Goals
Here we present the main goals to achieve with the Portuguese Web Archive project.
Goals of the Portuguese Web Archive
The creation of a Portuguese Web Archive represents a historic milestone in the preservation of knowledge for future generations. With the creation of a system that supports regular crawls of the Portuguese web, its long term storage and access, we intend to provide the following services:
- Term search over the archived contents: it will enable the identification of archived contents over the years that contain certain terms;
- URL search over the archived contents: it will allow to identify several versions of a content gathered from a given URL;
- New search engine over the Portuguese web: the archive will enable searching over several Portuguese web collections. Providing a search service over the most recent collection, as current web search engines do, can be attainable in a relatively small additional effort and it is an interesting service for the Portuguese community;
- Historical collections of web contents for research purposes: the web has information about the most various subjects reflecting society changes across time. Researchers from different fields use the web as a source of information for their studies. Providing web collections will enable these researchers to store and process web data locally on their computers without having to crawl the web themselves;
- Characterization reports
of the Portuguese web: a web archive system must be tunned according to the characteristics of the archived data. Therefore, Portuguese web characterizations must be periodically generated. As these studies are interesting to a broader audience, they will be published. Characterizing national webs is interesting to measure the spread of information technologies in different societies and the evolution of the web across time;
- Backup system of the archived information (rARC): it will be a distributed system that will enable Internet users to provide disk space to store a backup copies of the archived contents through the installation of a small application on their computers. If a failure happens on the central repository, the archived collection will be recovered from the backup copies stored on the users’ computers. Any individual or institution can contribute to preserve the web by providing some disk space on their computers;
- Archived data parallel processing system: it will allow researchers to execute their programs over the archived web data using several computers in parallel.

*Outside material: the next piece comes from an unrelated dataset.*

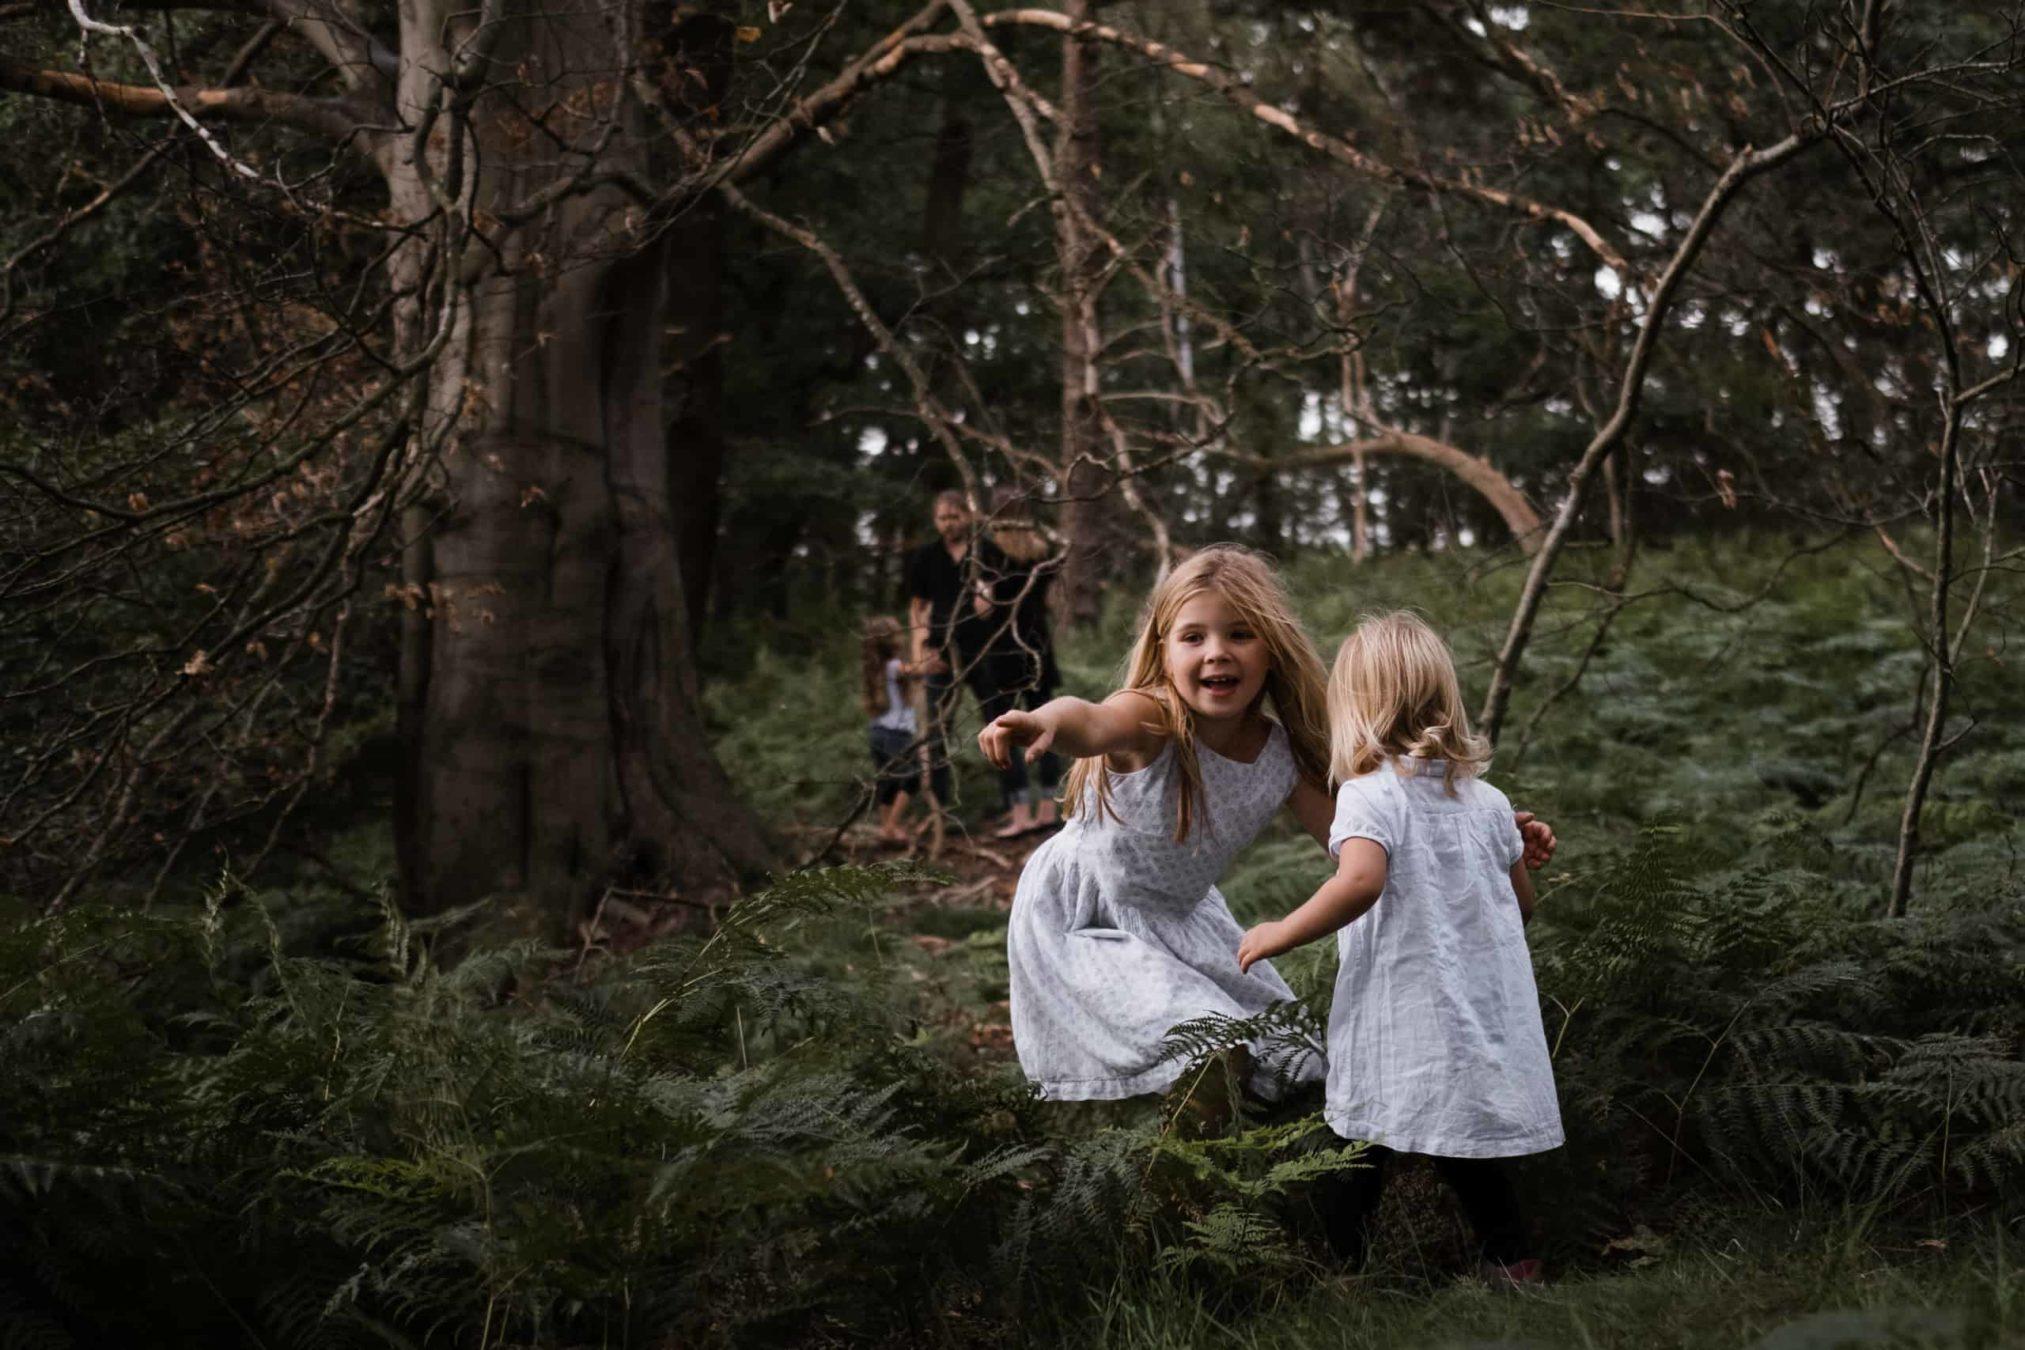 an einem großen Baum im Wald stehen 2 Mädchen, ein Mädchen zeigt mit ihrem Finger in die Ferne, im Hintergrund stehen der Vater und die Mutter ihrer Tochter

We also want to achieve the following goals:
- Train human resources in web archiving to enable the maintenance of the system in the future;
- Export know-how, experience and technology in web archiving to other countries, specially the Portuguese language ones;
- Contribute to increase the number of domains registered under .PT, the free historical archiving of the information published under this domain could be an additional motivation for registrars;
- Publish scientific and technical papers that enable the sharing of the acquired knowledge and receiving feedback from the community regarding the work performed.